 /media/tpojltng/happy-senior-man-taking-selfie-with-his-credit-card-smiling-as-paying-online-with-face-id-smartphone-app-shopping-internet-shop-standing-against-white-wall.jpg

┄┄┄┄┄┄┄┄┄┄┄┄┄┄┄┄┄┄┄┄

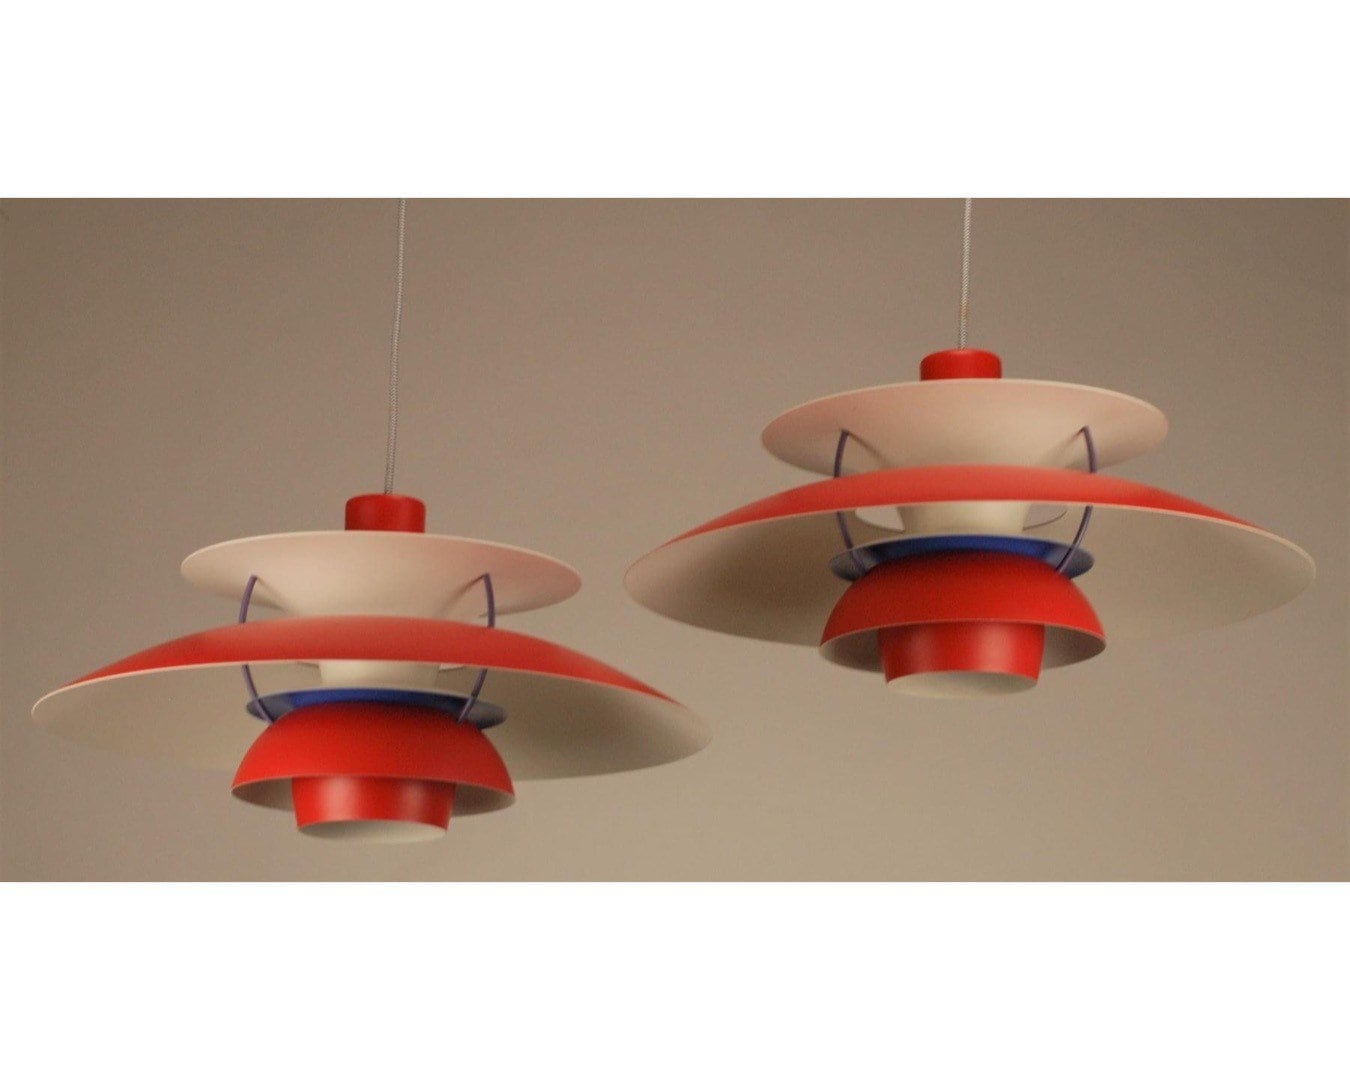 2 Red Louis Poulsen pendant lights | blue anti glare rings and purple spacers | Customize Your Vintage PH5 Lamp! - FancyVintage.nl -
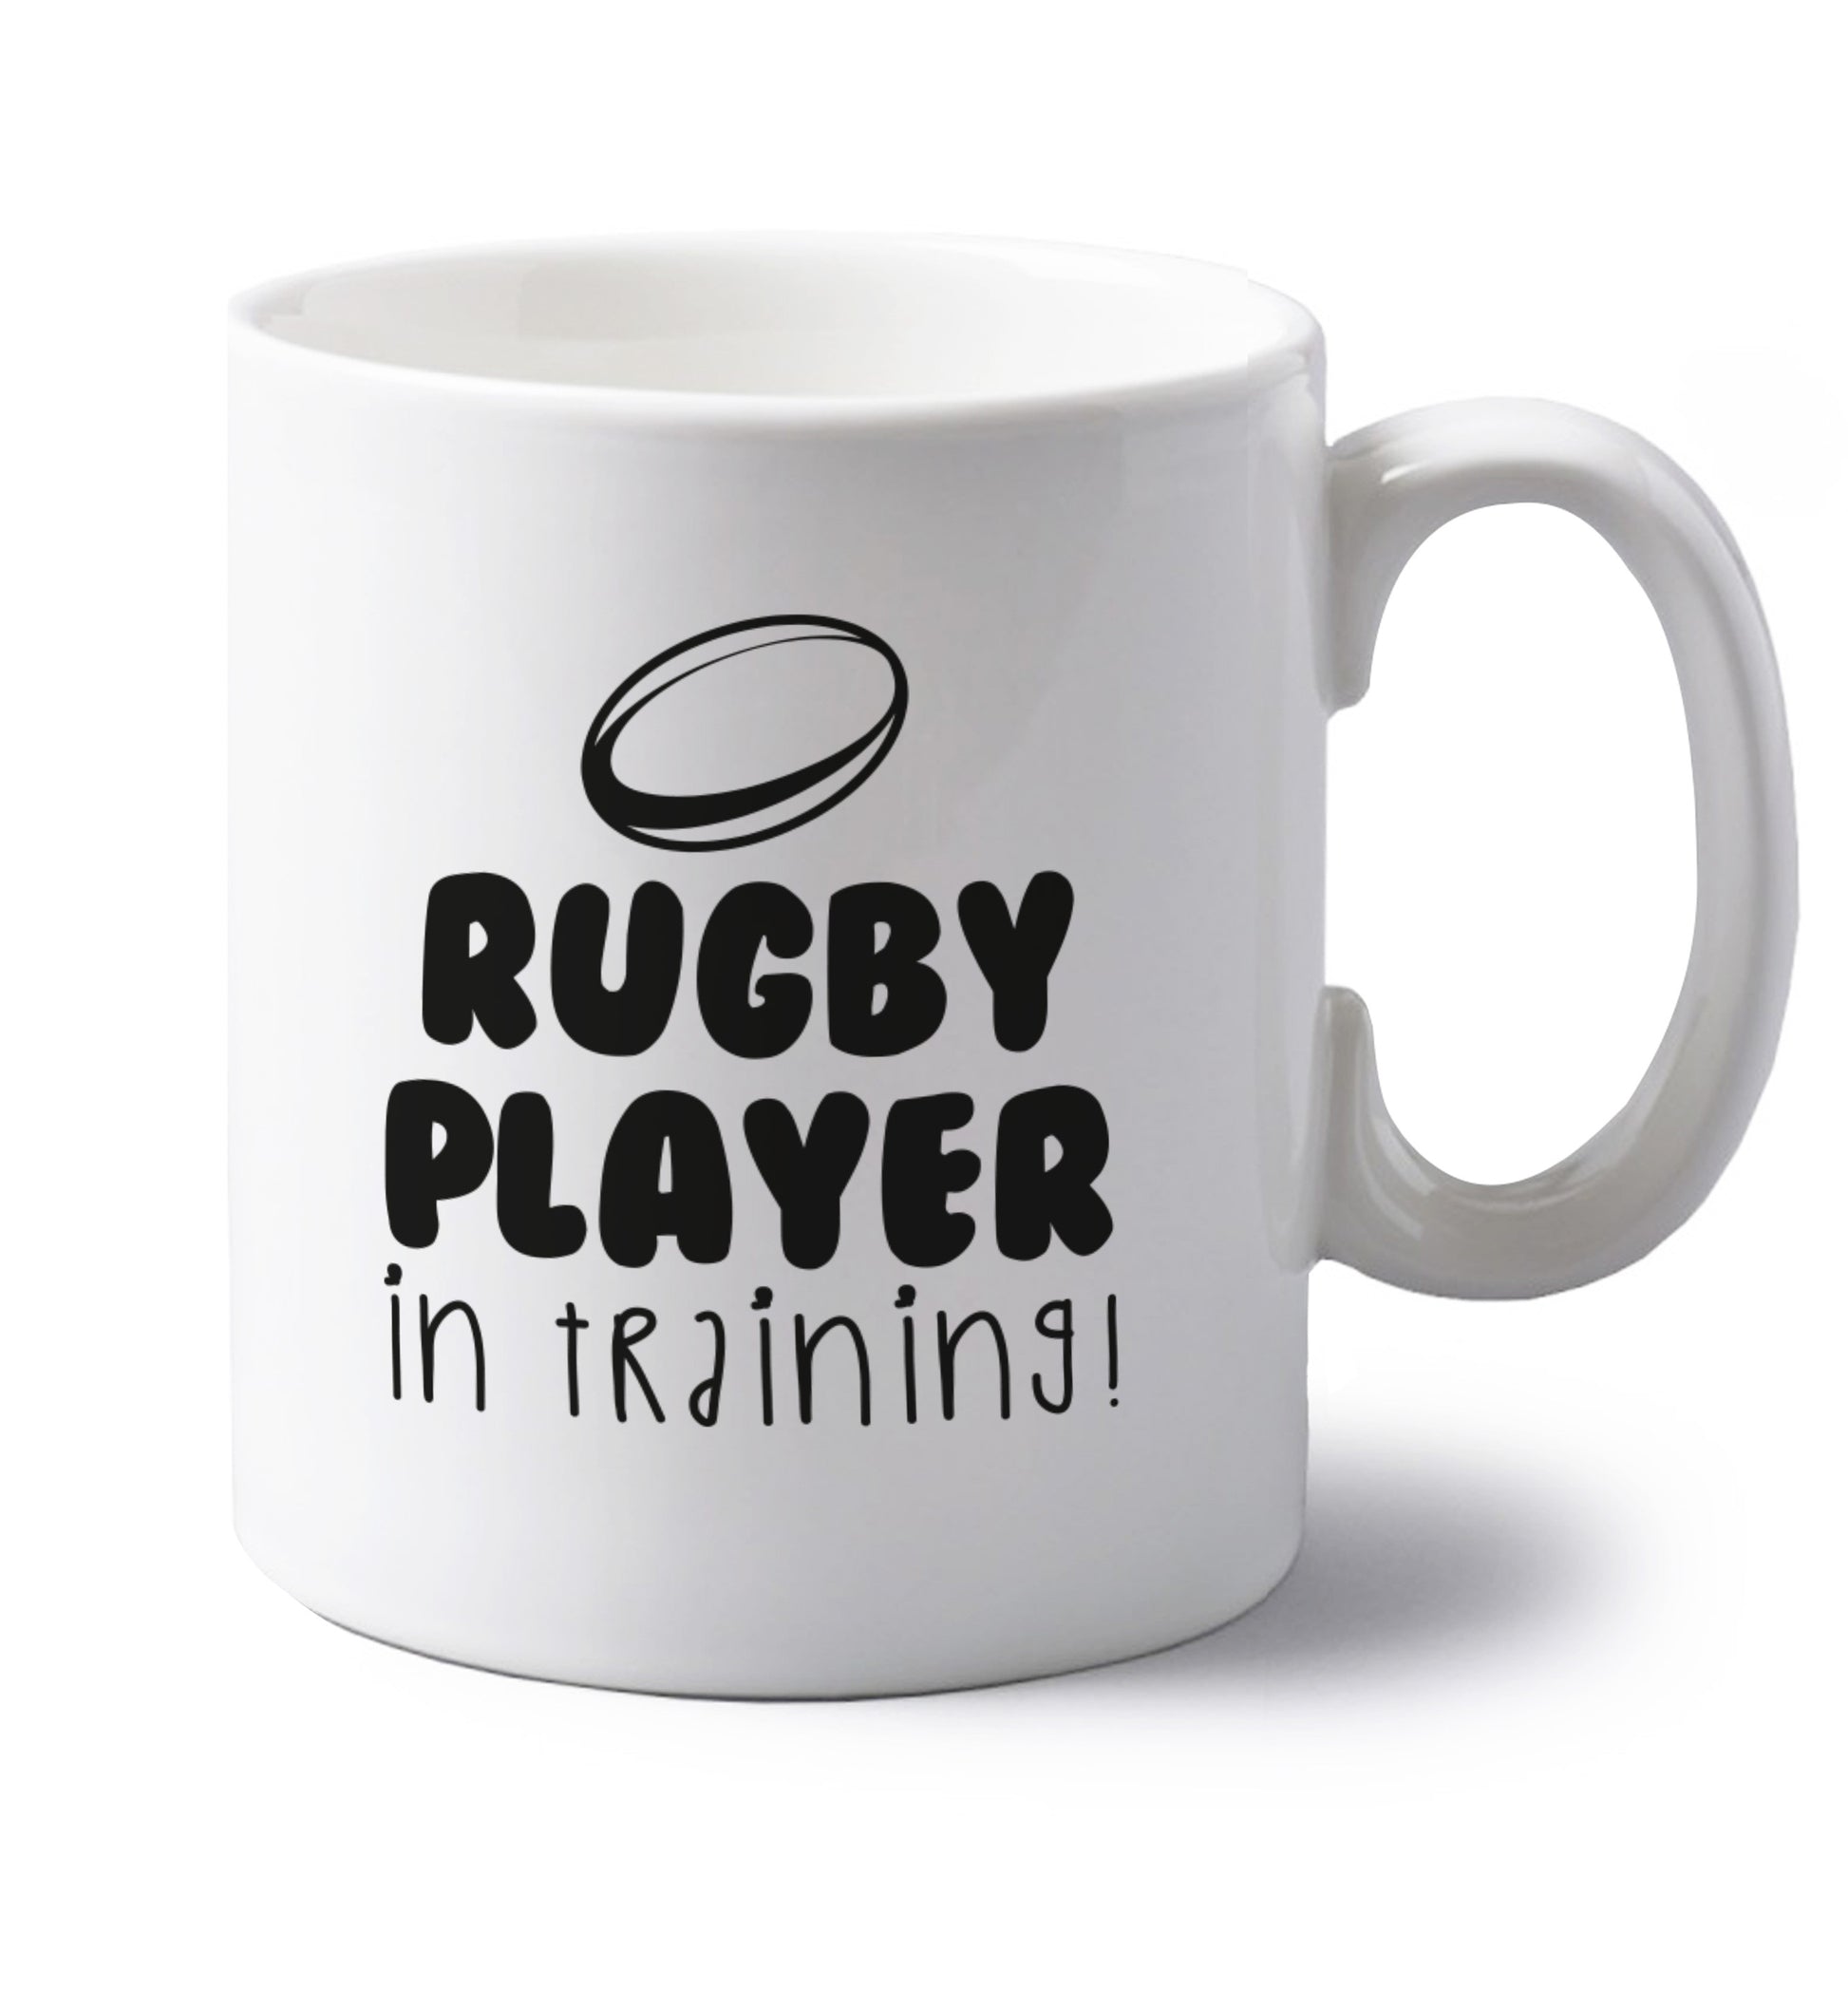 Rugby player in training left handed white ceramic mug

┄┄┄┄┄┄┄┄┄┄┄┄┄┄┄┄┄┄┄┄

* **YOUR OBJECTIVE**
Treat the line with "2 Red Louis" as the start and the line with "Rugby player in" as the end, and return exactly that span of the data above, both ends included, without pictures.

* **EXERCISE RESULT**
 2 Red Louis Poulsen pendant lights | blue anti glare rings and purple spacers | Customize Your Vintage PH5 Lamp! - FancyVintage.nl -
 Rugby player in training left handed white ceramic mug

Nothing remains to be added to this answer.